Implementaton of random smooth gray value transformations (rsgt) for training gray value independent neural networks
Project description
Random Smooth Grayvalue Transformations
Convolutional neural networks trained for a detection or segmentation task in a specific type of medical gray value images, such as CT or MR images, typically fail in other medical gray value images, even if the target structure looks similar in both types of images. Random smooth gray value transformations are a data augmentation technique aimed at forcing the network to become gray value invariant. During training, the gray value of the training images or patches are randomly changed, but using a smooth and continous transfer function so that shape and texture information is largely retained.
API documentation: http://rsgt.readthedocs.io/
Installation
To use data augmentation with random smooth gray value transformations in your own project, simply install the rsgt
package:
pip install rsgt
- Requires Python 2.7+ or 3.5+
- Numpy is the only other dependency
Data augmentation
The expected input is a numpy array with integer values, which is usually the case for medical gray value images, such as CT and MR scans.
from rsgt.augmentation import random_smooth_grayvalue_transform
# Apply gray value transformation to a numpy array
new_image = random_smooth_grayvalue_transform(image, dtype='float32')
The returned numpy array will have a floating point dataype and values in the range [0,1].
Mini-batches
While the function supports input data with any number of dimensions, it does currently not support mini-batches. A mini-batch of 3D images can be treated as a 4D input array, but all images in the mini-batch will then be subject to the same transformation. This means that a single random look up table will be computed and applied to all images in the mini-batch. There is currently no vectorized implementation of the transformation function, so a for loop is at this point the only way to transform images in a mini-batch with different transformation functions:
for i in range(minibatch.shape[0]):
minibatch[i] = random_smooth_grayvalue_transform(minibatch[i], dtype='float32')
Examples
The left most image is the original CT slice. The other images show the same slice with random smooth gray value transformations applied. The transformation function is shown below the transformed image.

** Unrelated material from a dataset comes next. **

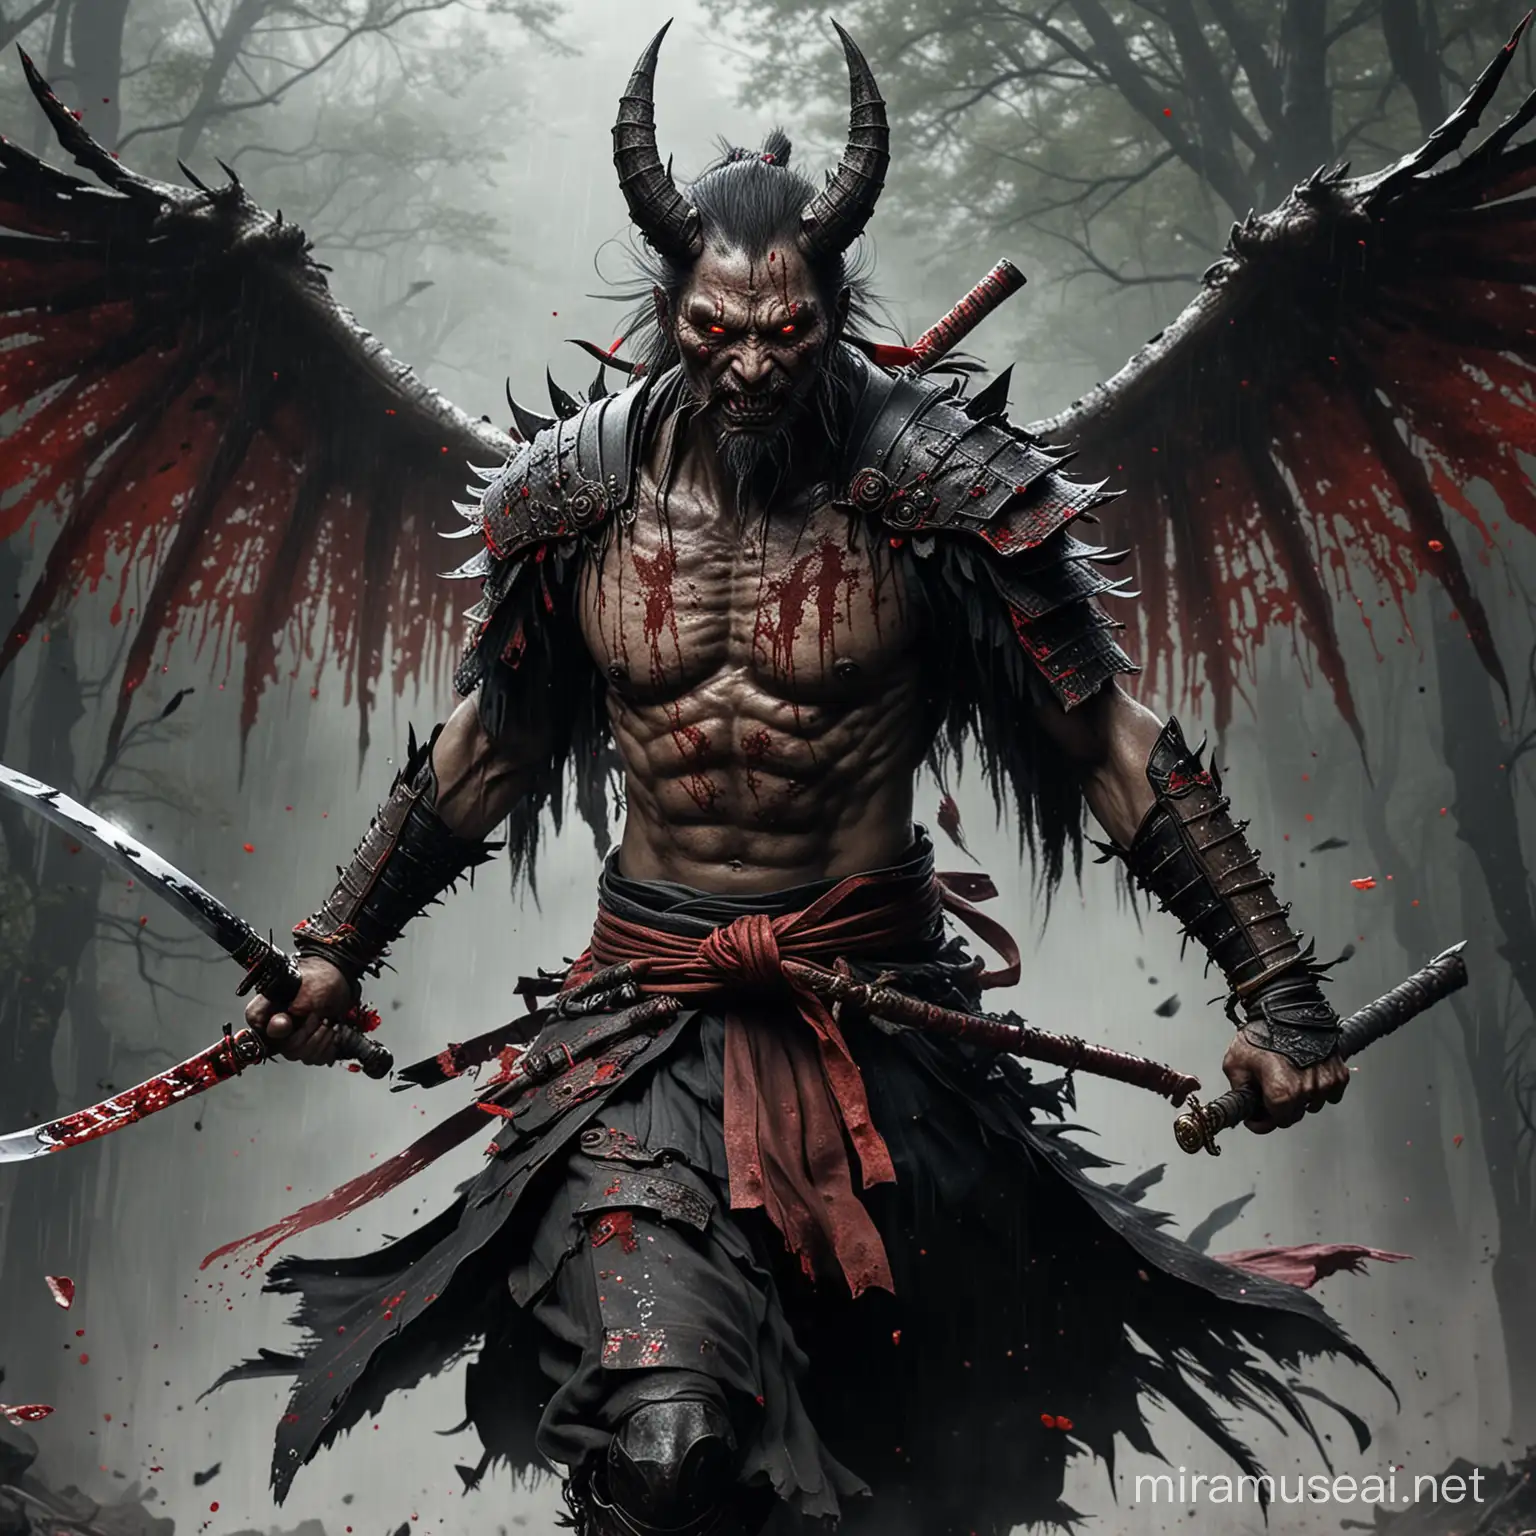 creepy samurai demon with blood all over his arms and wings running with swornd in his hand

This CT scan is from the kits19 challenge (CC BY-NC-SA 4.0 license).
Normalization functions
Because the augmentation function returns values in the range [0,1], it is necessary to either also apply the gray value transformation at inference time, or to
normalize input images at inference time to [0,1]. The rsgt
package comes with helper functions for CT and MR scans:
CT scans
Expected values of the original image are Hounsfield units ranging from -1000 for air (and below for background outside the image area) to around 3000 for very dense structures like metal implants.
from rsgt.normalization import normalize_ct_scan
normalized_image = normalize_ct_scan(image, dtype='float32')
MR scans
Because values of MR scans are not standardized like those of CT scans, the normalization is based on the 5% and the 95% percentiles of the input values. Values below and above are clipped.
from rsgt.normalization import normalize_mr_scan
normalized_image = normalize_mr_scan(image, dtype='float32')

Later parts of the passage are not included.